La Charte africaine des droits de l’homme et des peuples, appelée également Charte de Banjul, a été adoptée par les États Membres africains de l’Organisation de l’Unité africaine en 1981;

elle est entrée en vigueur cinq ans après. Il convient de souligner que, comparée aux autres instruments régionaux relatifs aux droits de l’homme, la Charte est novatrice en faisant valoir les droits des «peuples». Elle ne mentionne pas expressément les minorités, mais la protection des droits des peuples qu’elle assure a été assimilée par la Commission africaine à une protection accordée aux minorités, comme il est examiné ci-après. De plus, à l’instar d’autres instruments internationaux relatifs aux droits de l’homme, la Charte contient diverses dispositions qui s’appliquent tout particulièrement aux membres de groupes minoritaires.

99 L’acte constitutif de l’Union africaine adopté par les chefs d’État et de gouvernement des États Membres de l’Organisation de l’Union africaine en juillet 2000 est entré en vigueur le 26 mai 2001.

Les droits individuels et ceux des peuples relèvent des dispositions générales contenues dans les articles 1, 2 et 26.

L’article 1 dispose que «les États membres de l’Organisation de l’Unité Africaine, parties à la présente Charte, reconnaissent les droits, devoirs et libertés énoncés dans cette Charte et s’engagent à adopter des mesures législatives ou autres pour les appliquer».

L’article 2 dispose que «toute personne a droit à la jouissance des droits et libertés reconnus et garantis dans la présente Charte sans distinction aucune, notamment de race, d’ethnie, de couleur, de sexe, de langue, de religion, d’opinion politique ou de toute autre opinion, d’origine nationale ou sociale, de fortune, de naissance ou de toute autre situation».

L’article 26 dispose que «les États parties à la présente Charte ont le devoir de garantir l’indépendance des Tribunaux et de permettre l’établissement et le perfectionnement d’institutions nationales appropriées chargées de la promotion et de la protection des droits et libertés garantis par la présente Charte».

Droits individuels

L’article 3 dispose que toutes les personnes bénéficient de l’égalité devant la loi et ont droit à une égale protection de la loi.

L’article 7 garantit le droit à un procès équitable. À cet égard, la Commission africaine des droits de l’homme et des peuples a rendu une décision portant sur la protection d’une minorité linguistique dans un État bilingue. La Commission a reconnu que «puisque tous les citoyens ne parlent pas couramment les deux langues, il incombe à l’État de s’assurer que, lorsqu’un procès se déroule dans une langue que l’accusé ne parle pas, celui-ci bénéficie de l’assistance d’un interprète. Ne pas le faire équivaut à une violation du droit à un procès équitable»100.
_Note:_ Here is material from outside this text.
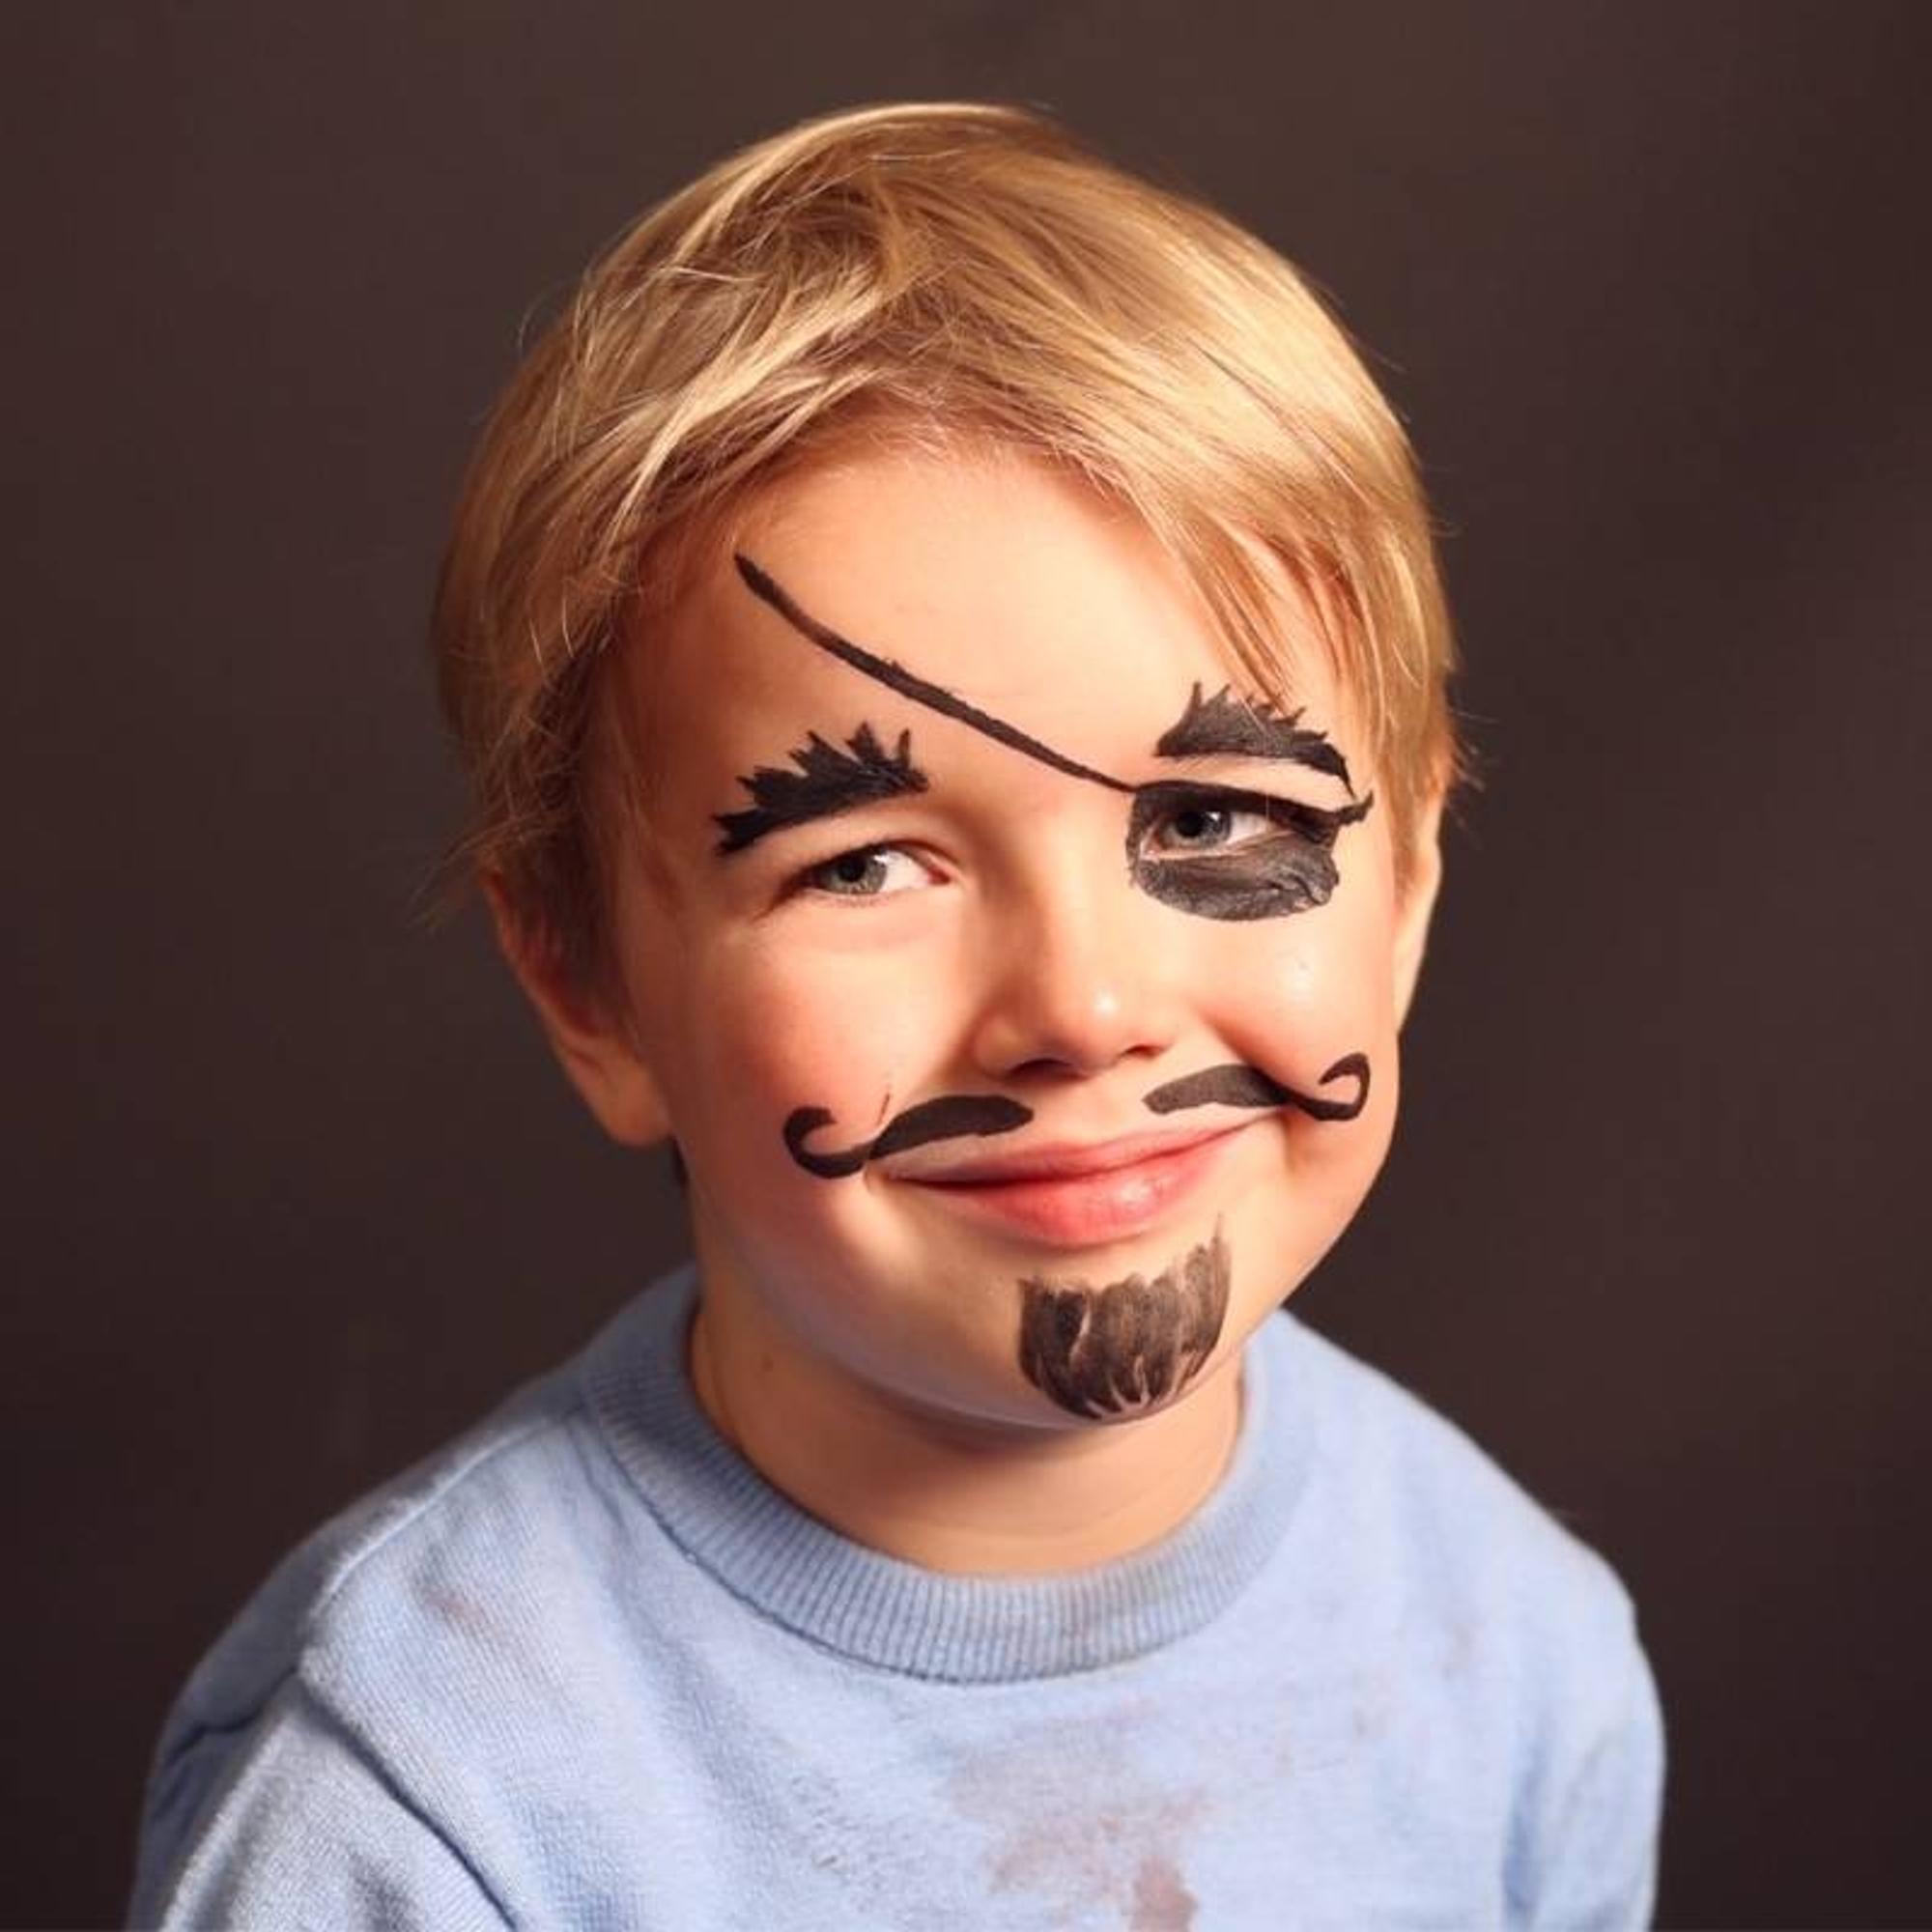 Pirat schminken: fertiges Ergebnis mit Bart
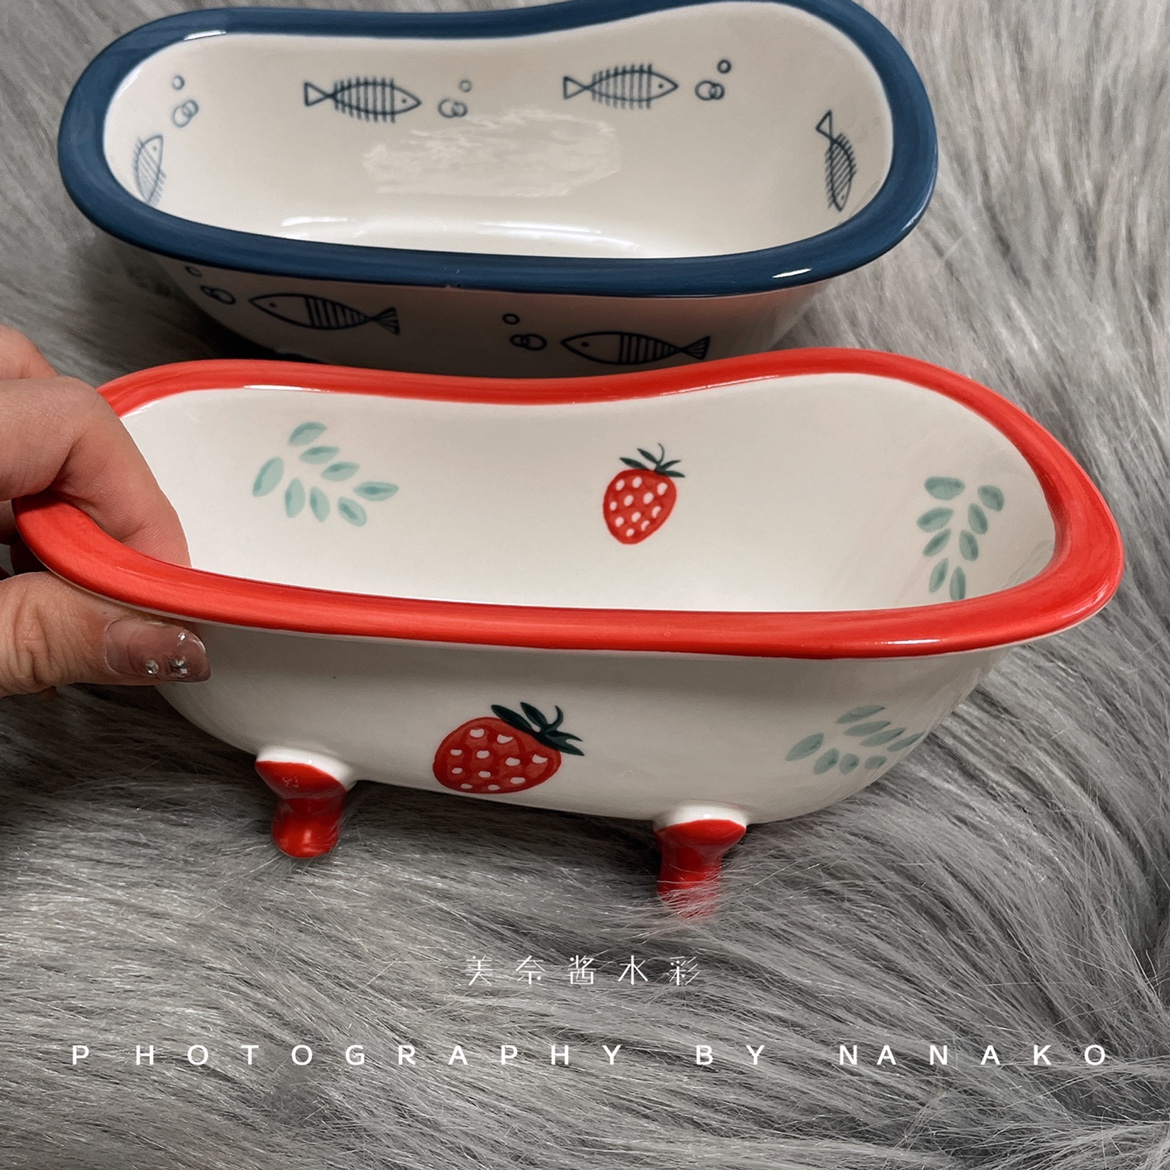 可爱草莓 小鱼浴缸陶瓷笔洗 洗笔筒洗笔缸

L’article 8 protège le droit de pratiquer la religion de son choix. La Commission a appliqué cette disposition pour protéger la minorité chrétienne au Soudan, constatant que l’État a violé le droit des auteurs de pratiquer leur religion au motif que les non-Musulmans n’ont pas le droit de prêcher ou de construire leurs églises et qu’ils sont harcelés, détenus arbitrairement et expulsés101.

L’article 12 garantit le droit de circuler librement et de choisir sa résidence à l’intérieur d’un État, le droit de quitter tout pays, y  compris le sien, et de revenir dans son pays et le droit de rechercher asile. Il interdit l’expulsion collective d’étrangers visant des «groupes nationaux, raciaux, ethniques ou religieux».

L’article 13.3 protège le droit d’user des biens et services dans la stricte égalité de tous.

L’article 17.2 dispose que «toute personne peut prendre part librement à la vie culturelle de la communauté» et l’article 17.3 que «la promotion et la protection de la morale et des valeurs traditionnelles reconnues par la Communauté constituent un devoir de l’État dans le cadre de la sauvegarde des droits de l’homme». Pour interpréter cette disposition, la Commission a souligné que «la langue fait partie intégrante de la structure de la culture: elle en constitue en fait Ie support et Ie moyen d’expression par excellence. Son utilisation enrichit l’individu et lui permet de prendre une part active dans sa communauté et dans les activités de celle-ci. Priver un homme de cette participation équivaut à le priver de son identité»102.

100 Communication no 266/2003, Kevin Mgwanga Gunme et al. c. Cameroun (2009).

101 Communications nos 48/90, 50/91, 52/91 et 89/93 Amnesty International et autres c. Soudan (1999).

102 Communications nos 54/91, 61/91, 98/93, 164/97-196/97 et 210/98, Malawi African Association et autres c. Mauritanie (2000).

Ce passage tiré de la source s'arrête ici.